Только недавно, в конце 1929 г., вышла книжка И. Розанова «Русские лирики». Вся эта книжка— поверхностный обывательский обскок некоторых явлений нашей литературы с ученическими потугами на «социологизацию», попадающими пальцем в небо. В числе прочих достопримечательностей здесь дается например «историческая» характеристика кондово-реакционного кулацкого мракобеса Клюева (глава III, Крестьянские поэты). «Гораздо удачнее было выступление олонецкого крестьянина Николая Клюева со своими книгами „Сосен перезвон“ (1912), „Братские песни“ (1913) и „Лесные были“ (1913). Уже первые шаги его заставили всех насторожиться. А когда через несколько лет к его голосу присоединился молодой голосок рязанца Есенина, критика сразу заговорила, что народилась новая поэзия, идущая из самых глубин народных масс».

Какая критика? Какие классовые устремления выражал и выражает Клюев? Нашему горе-обсерватору на это «в простоте душевной» наплевать в высочайшей степени. А «народные массы», да еще крестьянские массы, конечно же классово однородны, ибо объединены лаптями, избами, божьим даром — полем. И почему бы кулаку не выражать эти самые «народные массы»!

Но дальше — больше. Оказывается, что стать истинным выразителем революции Клюеву помешало только… техническое обстоятельство — как-то странно привязавшееся к нему тяготение к церковности.

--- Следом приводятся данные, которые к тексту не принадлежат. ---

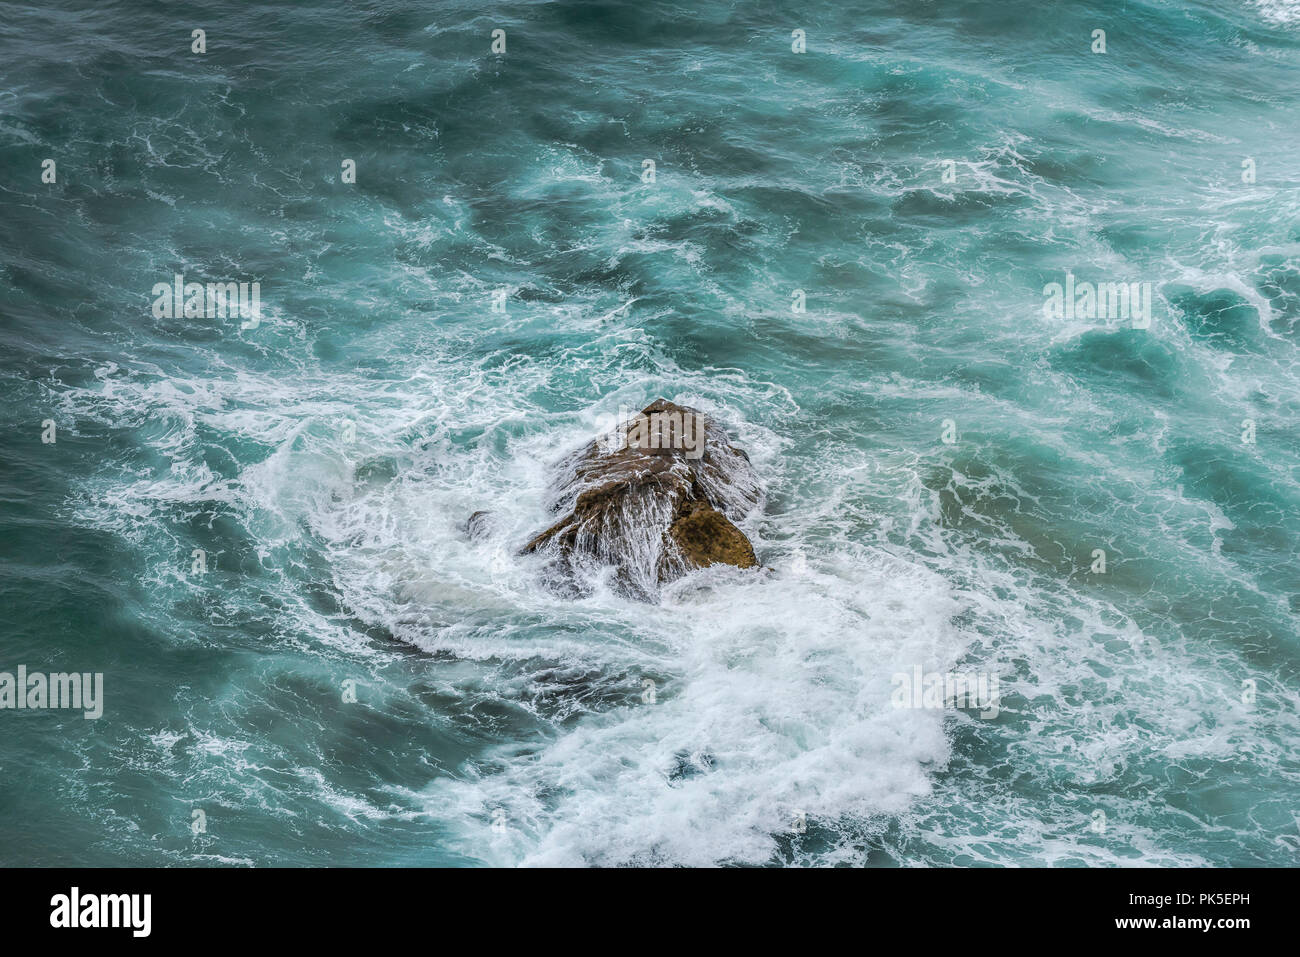 A rock in a choppy swirling sea. Stock Photo

По части сопряжения этого тяготения с общим классовым генезисом клюевского творчества Розанов конечно предельно беззаботен. Процитируем нашего эпически спокойного летописца: «Революцию Клюев встретил восторженно, но в своих восторгах обнаружил неизменное тяготение к образам и символам религиозного культа. Это же тяготение повело к тому, что потом он почти совсем умолк». Больше того, по мнению весело щебечущего Розанова, Клюев воплощает в своем торжестве будущее, душою он весь в грядущем. В качестве доказательства цитируется строфа: «Будет мед на домашней краюхе и на скатерти ярок узор». Ну, посудите сами, читатель, разве это не социалистическое будущее, за которое мы боремся? Не узнаете? Значит вы не с «народными массами». Ведь все кулаки на селе голосуют за эту формулу будущего.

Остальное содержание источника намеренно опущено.